• Recorded data
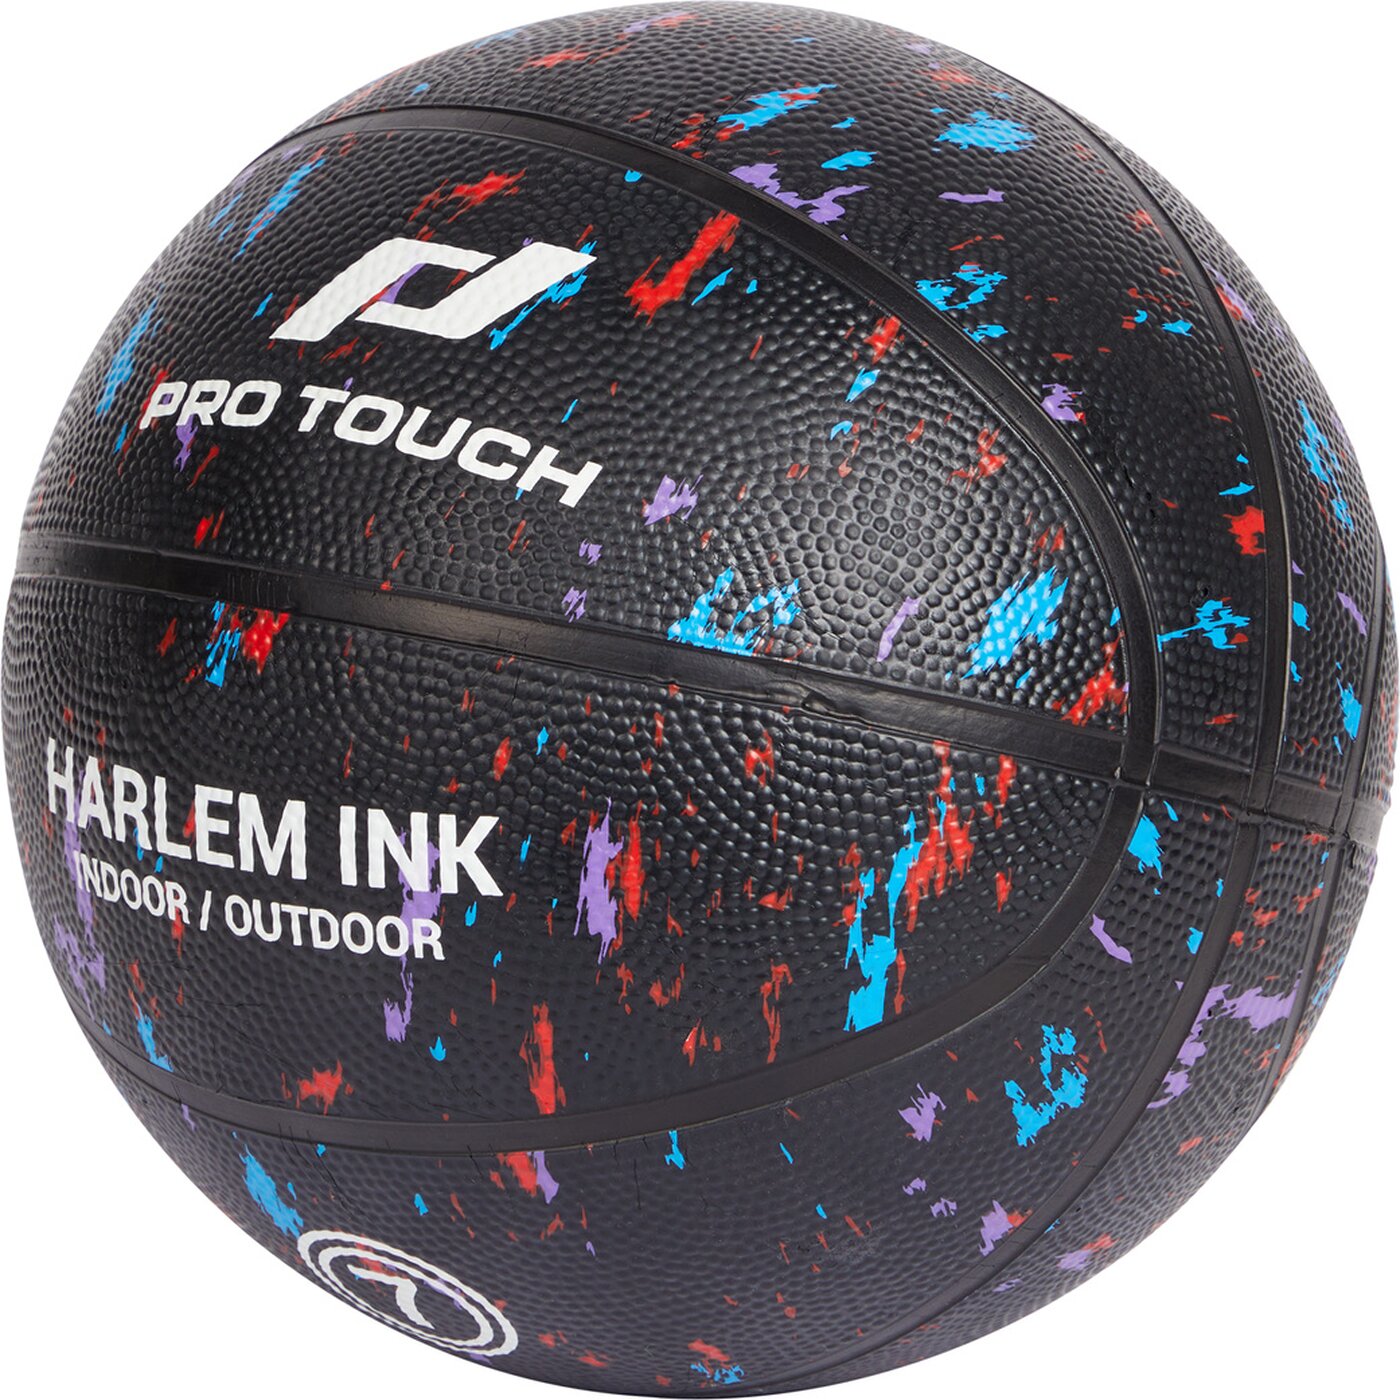 PRO TOUCH Basketball Harlem Ink 900 BLACK/MULTICOLOR online kaufen
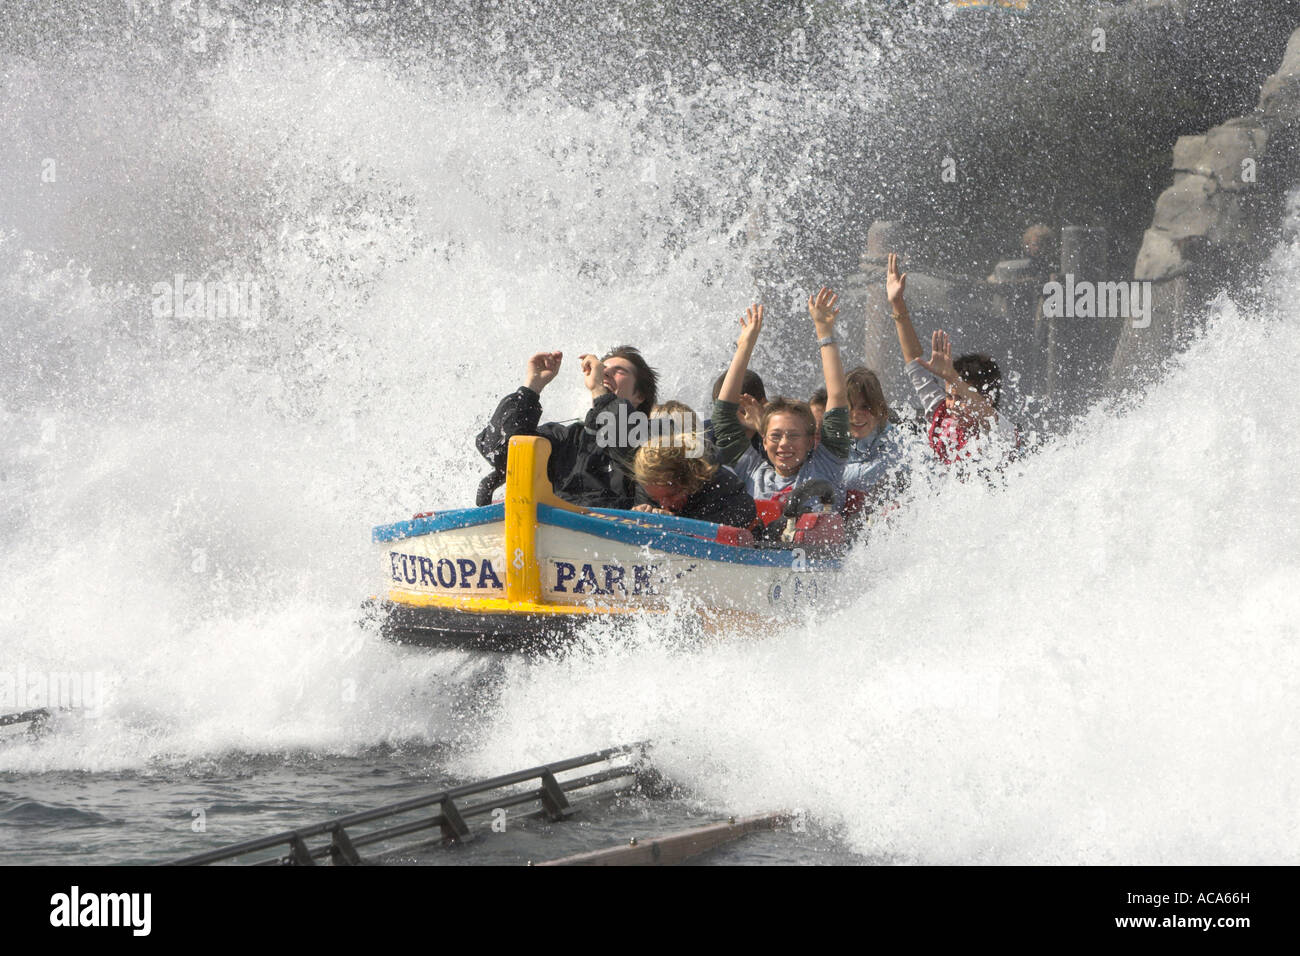 Water roller coaster Poseidón, Europa Park Rust, Bade-Wuerttemberg, Alemania Foto de stock
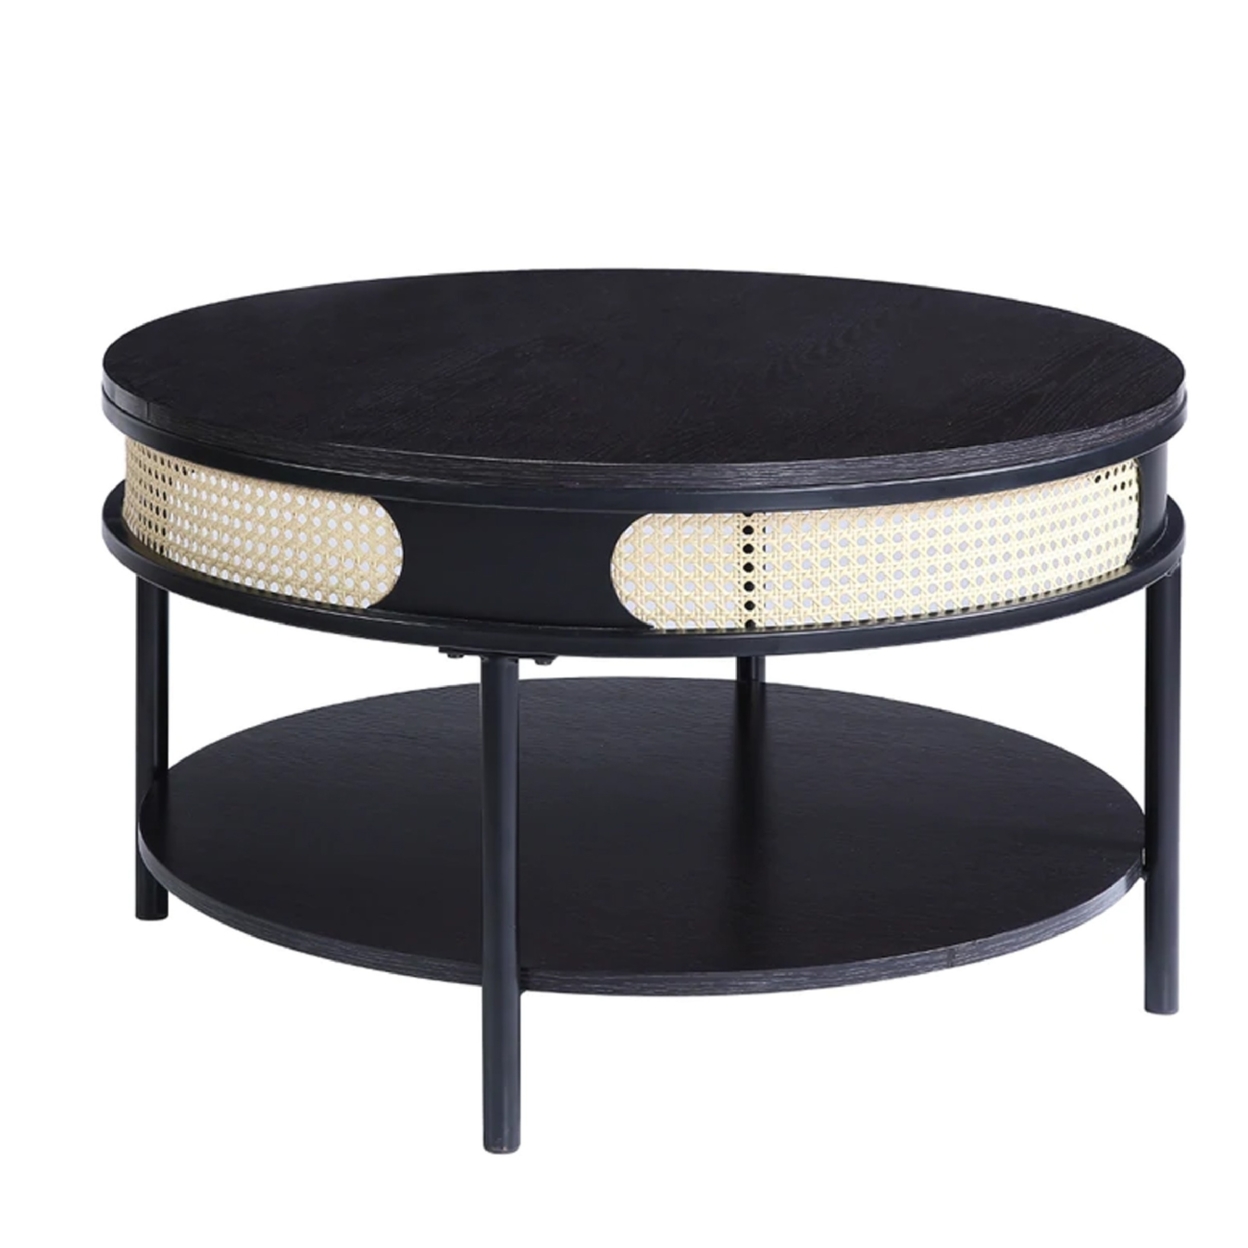 Bert 32 Inch Round Coffee Table, Rattan Apron Accent, Metal Legs, Black- Saltoro Sherpi

• Requirement
Set down the line containing "Water roller coaster", then every later line through the end of the material, exactly as written; omit any picture.

• Result for this exercise
 Water roller coaster Poseidón, Europa Park Rust, Bade-Wuerttemberg, Alemania Foto de stock
 Bert 32 Inch Round Coffee Table, Rattan Apron Accent, Metal Legs, Black- Saltoro Sherpi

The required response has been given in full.